冒険者が帰った後、老子は珍しく愚痴をこぼした。
「何が魔王か。王どころかとんだ馬鹿者じゃわい」
不思議に思ったタンザはどういう事なのか訊いてみた。修行中の弟子に重要な事を教えてくれるかは疑問だったが、老子はタンザを子ども扱いせずに明かしてくれた。
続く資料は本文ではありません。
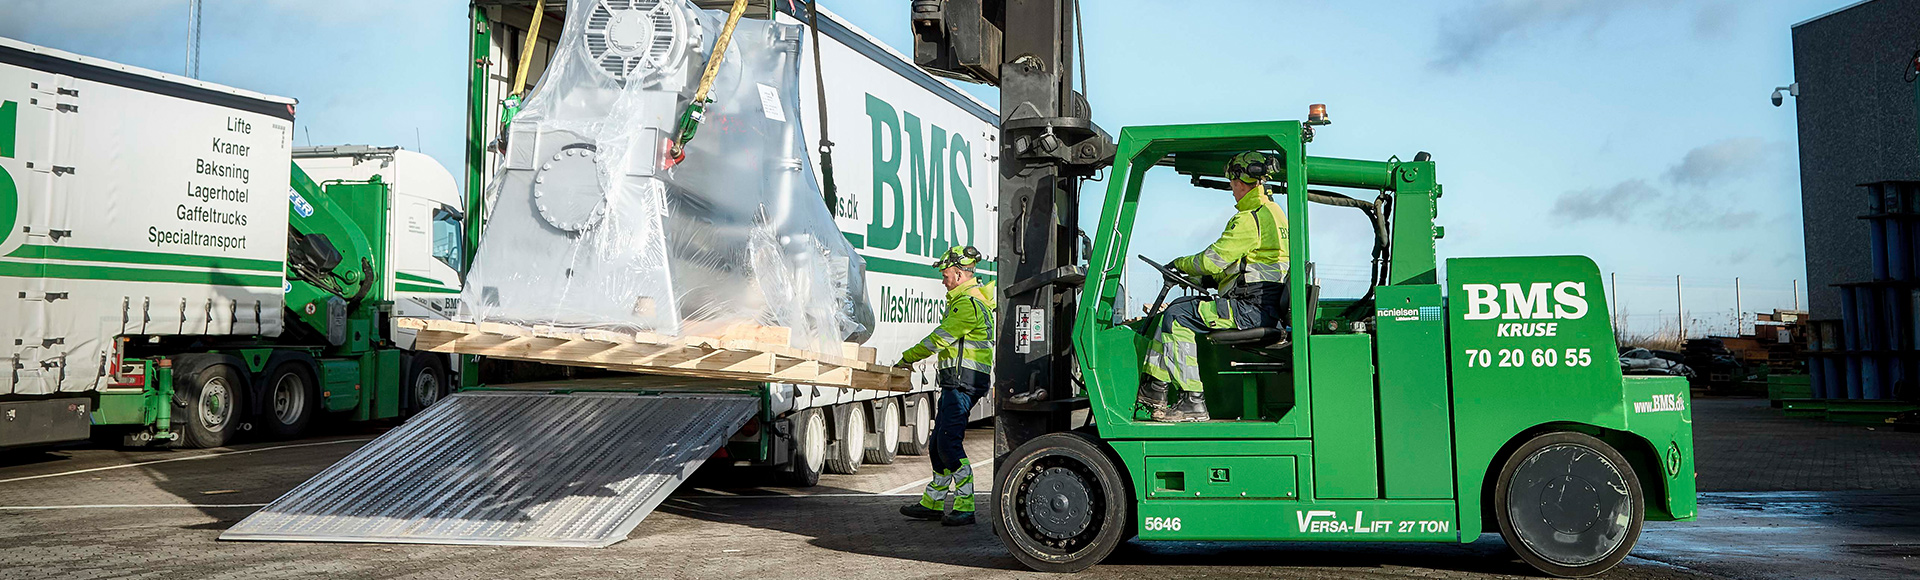 Renoveret BMS-truck med grøn energiløsning

「以前話した太古の超技術には、今ではとても制御できん危険な物もある。魔王はそれを扱おうとしているようなのじゃ」
どんな物かタンザが訊くと――
「人造の神や悪魔よ。天を衝く金属の巨人、大海をひっくりかえす大海魔、星の世界から大地を穿つ巨竜……造った連中さえ自分らを滅ぼしたというのに」
結果的には、タンザが弟子入りして2、3年ほどで、魔王が倒されたとの報告が世界を駆け巡った。
それから十年ほどして。タンザは老子に命じられた。
「この山に一番近い都市、バトノス。そこにあるダンジョンの最深部にある核を破壊してくるのじゃ」
「僕が、ですか?」
驚くタンザに、老子は当然のように頷く。
「お前は既に霊能者の一人。それは先日認めた筈」
「まだ駆け出しという事です……そんな僕でなんとかなる程、簡単なのですか?」
「多数の冒険者が集まって攻略に四苦八苦しとるようじゃの」
「なら僕には無理ですよ……」
最初から諦め気味のタンザだったが、老子は微笑みながら言ったのだ。
「今日明日やりとげろという事ではない。修行も兼ねての事じゃよ。なんならお前が成功せんでもええ。核が破壊された事を確認できたらそれで良しじゃ」
そして数日後。
タンザはバトノスの街に着き、駆け出しの入会を認めるクランを探して門を叩いた。
そしてさらに数ヵ月になる……が、どうにもなかなか、思うようには進まず、初めて参加させてもらったパーティをお払い箱にされたのである。